1.  Why would the bus driver have followed the instructions of the rest of the tourists to leave with the bus, depriving Richard and Susan of an alternative means of transportation?

·  “The bus driver did what he was ordered, but the rest of the tourists are at fault for having asked him to leave. After all, each one of them would have wanted to bus to remain with them had it been them who had been shot.”

·  “The bus driver is an employee working in a hierarchical society. Over thirty of his boss’s clients ask him to drive them away, so he obeys.”

2.  Do you think Anwar will retain his job as a tourist guide?

·  “Anwar cannot weigh one life against others. Anwar perceives a group of tourists in angst and Anwar devotes his attention to those most in need: the couple who had been shot. If the tourist agent is a Moroccan he will understand Anwar; if he is answering to a North American or European clientele or bosses, he is likely to weigh the high cost of client attrition to his business and fire Anwar.”

·  “Anwar failed to realize that his allegiance is to his boss whose business he must help uphold. In concentrating on two rather than over thirty passengers, he showed lack of judgment and should be dismissed.”

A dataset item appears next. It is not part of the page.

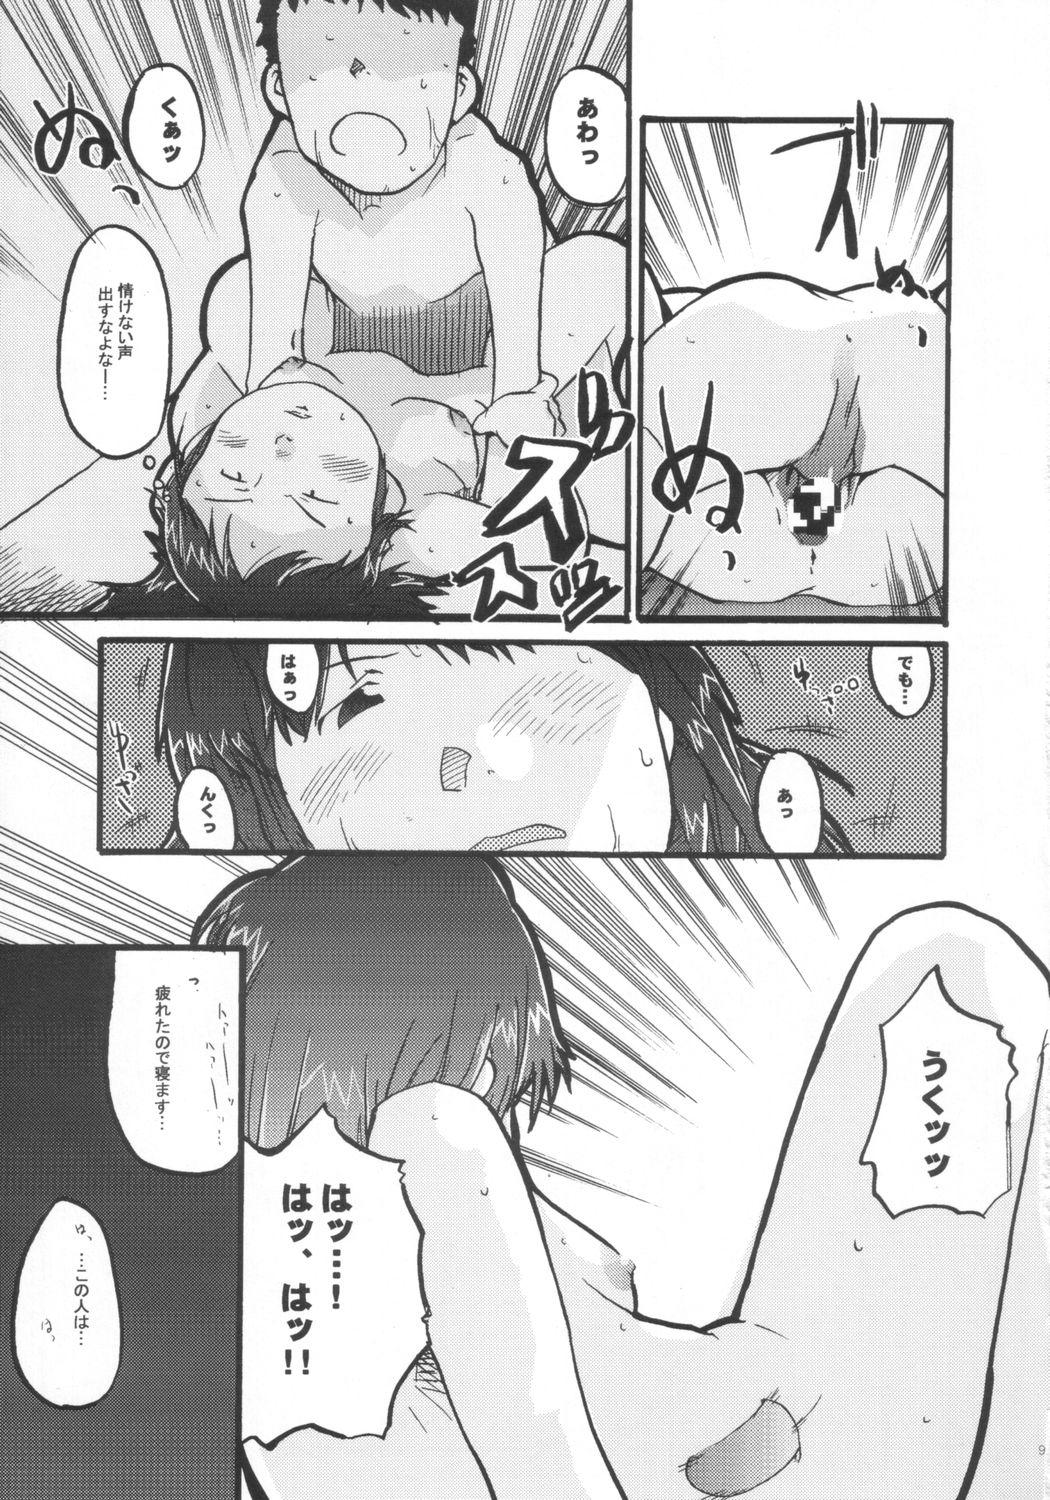 Blowing Aoi Sora Daisuki Onnanohito Motto Daisuki Caliente - Page 8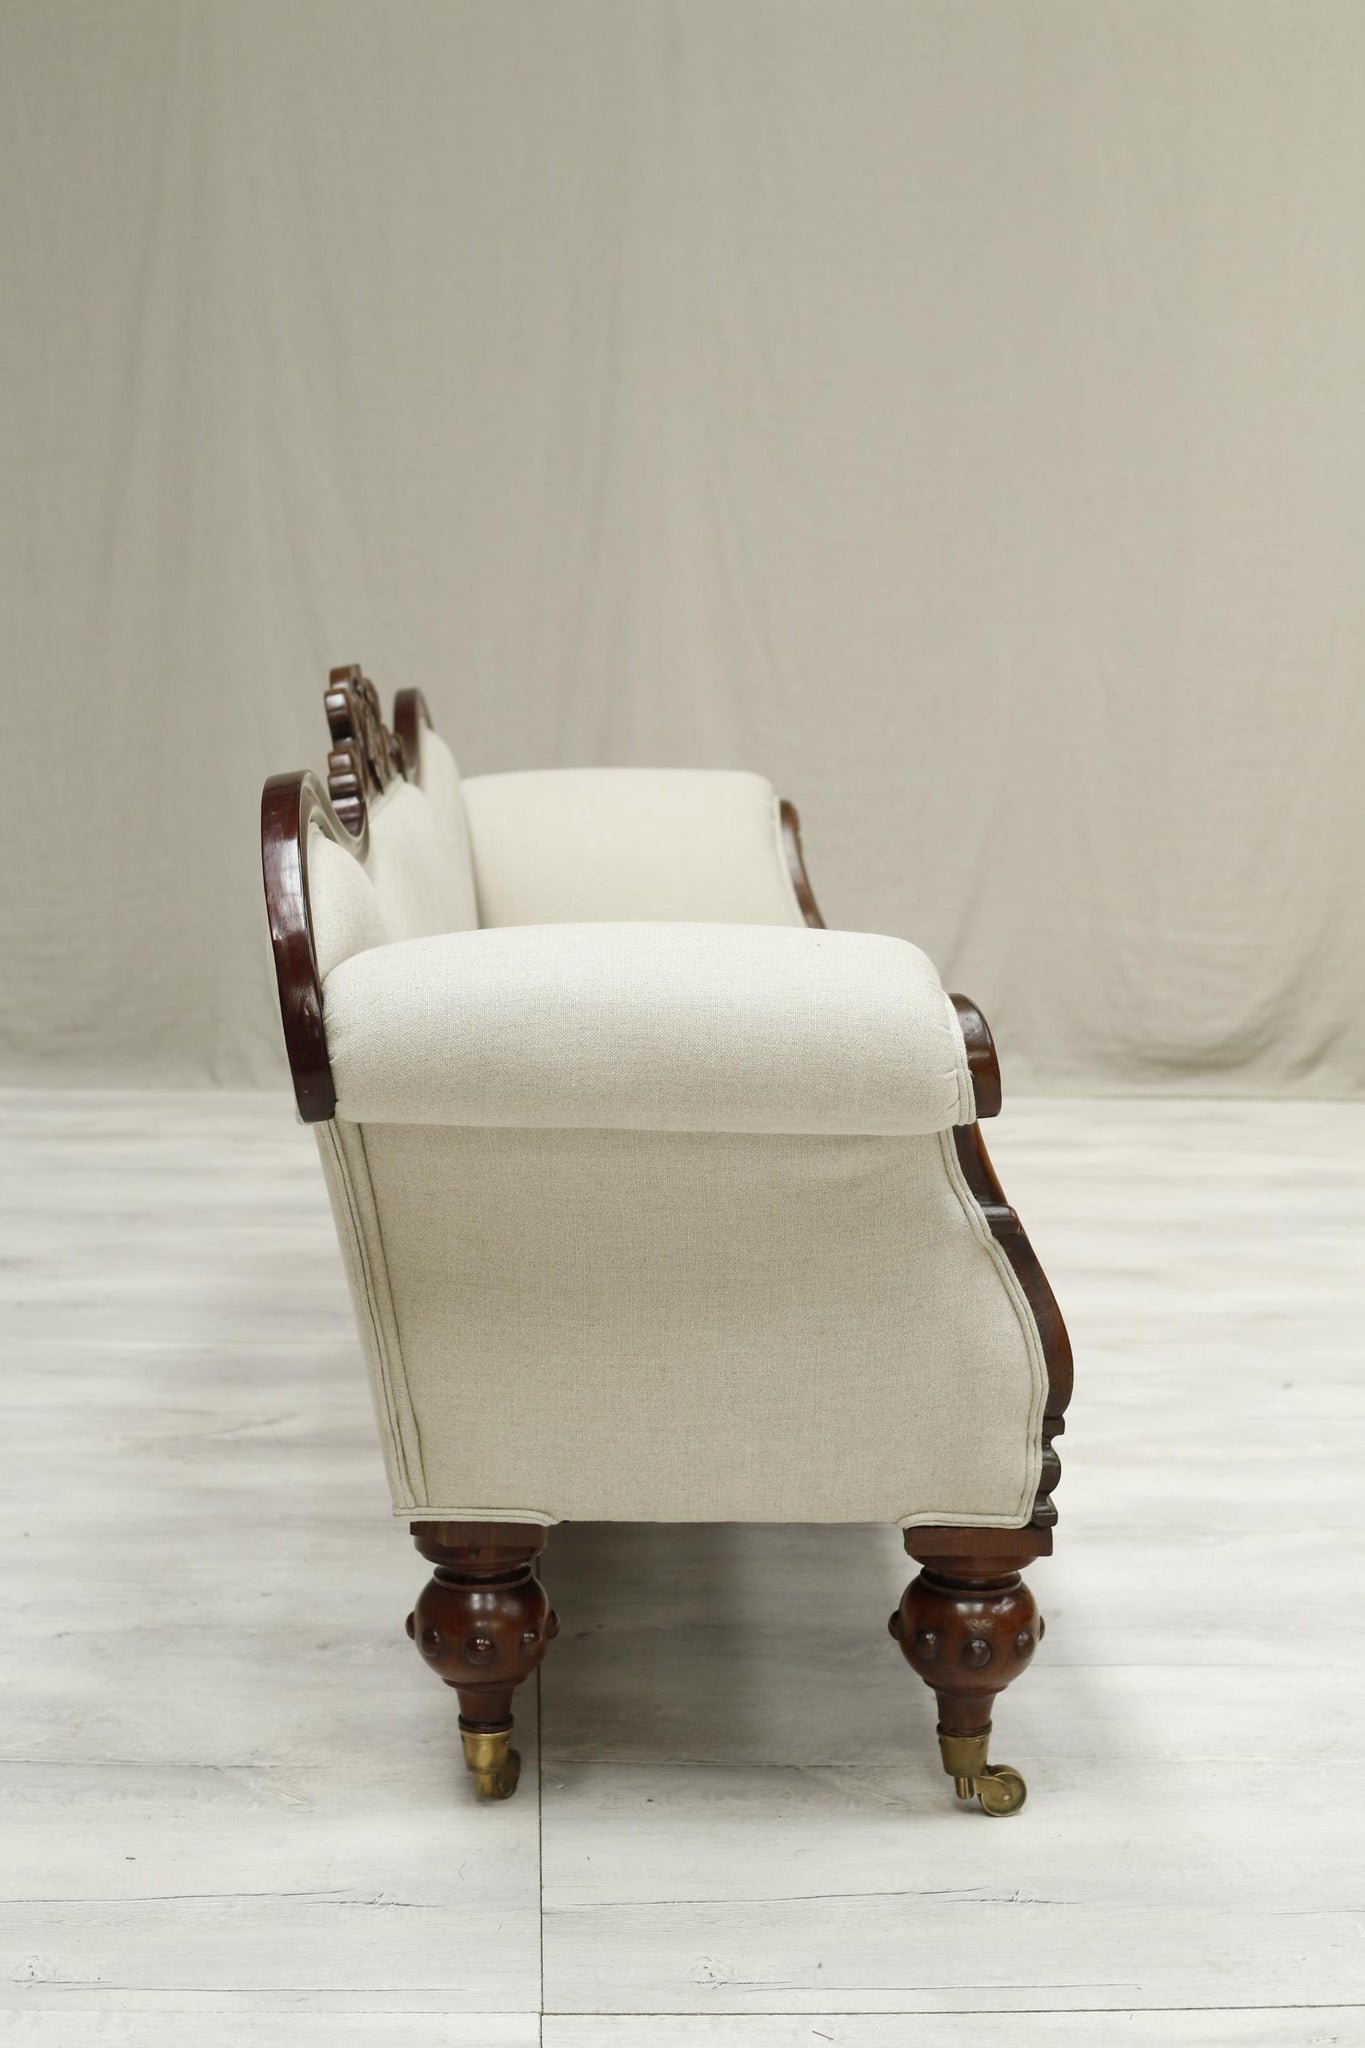 English Regency mahogany sofa upholstered in linen - TallBoy Interiors

3.  If Richard were indebted, was it to Anwar or to Anwar and the village?

·  “Richard is indebted to the village at large and specifically to the many people who directly helped him and his wife at Anwar´s request.”

·  “Richard is indebted to Anwar. It is up to Anwar to choose whose additional help he will request, and pay for.”

4.  Why would Richard have singled out to pay only Anwar?

·  “Richard is a pragmatic individualist prone to settle debts with another individual promptly. Besides, there was no time to waste. Anwar, readily at hand, was a good enough recipient for Richard, who probably left it for Anwar to deal with the rest.”

·  “Anwar is the only person Richard holds a relationship with, perhaps the only one who speaks English in the village. Who else could Richard have singled out?”

5.  Had Anwar accepted the money, what do you think he would have done with it?

·  “He would not have kept any and would have split it among those who helped him help the foreigner in need. If they were not to accept the money he would give it away.”

·  “I have no idea, it is up to Anwar to decide what to do with it.”

6.  Would Anwar have been more inclined to accept the money had it been offered in private?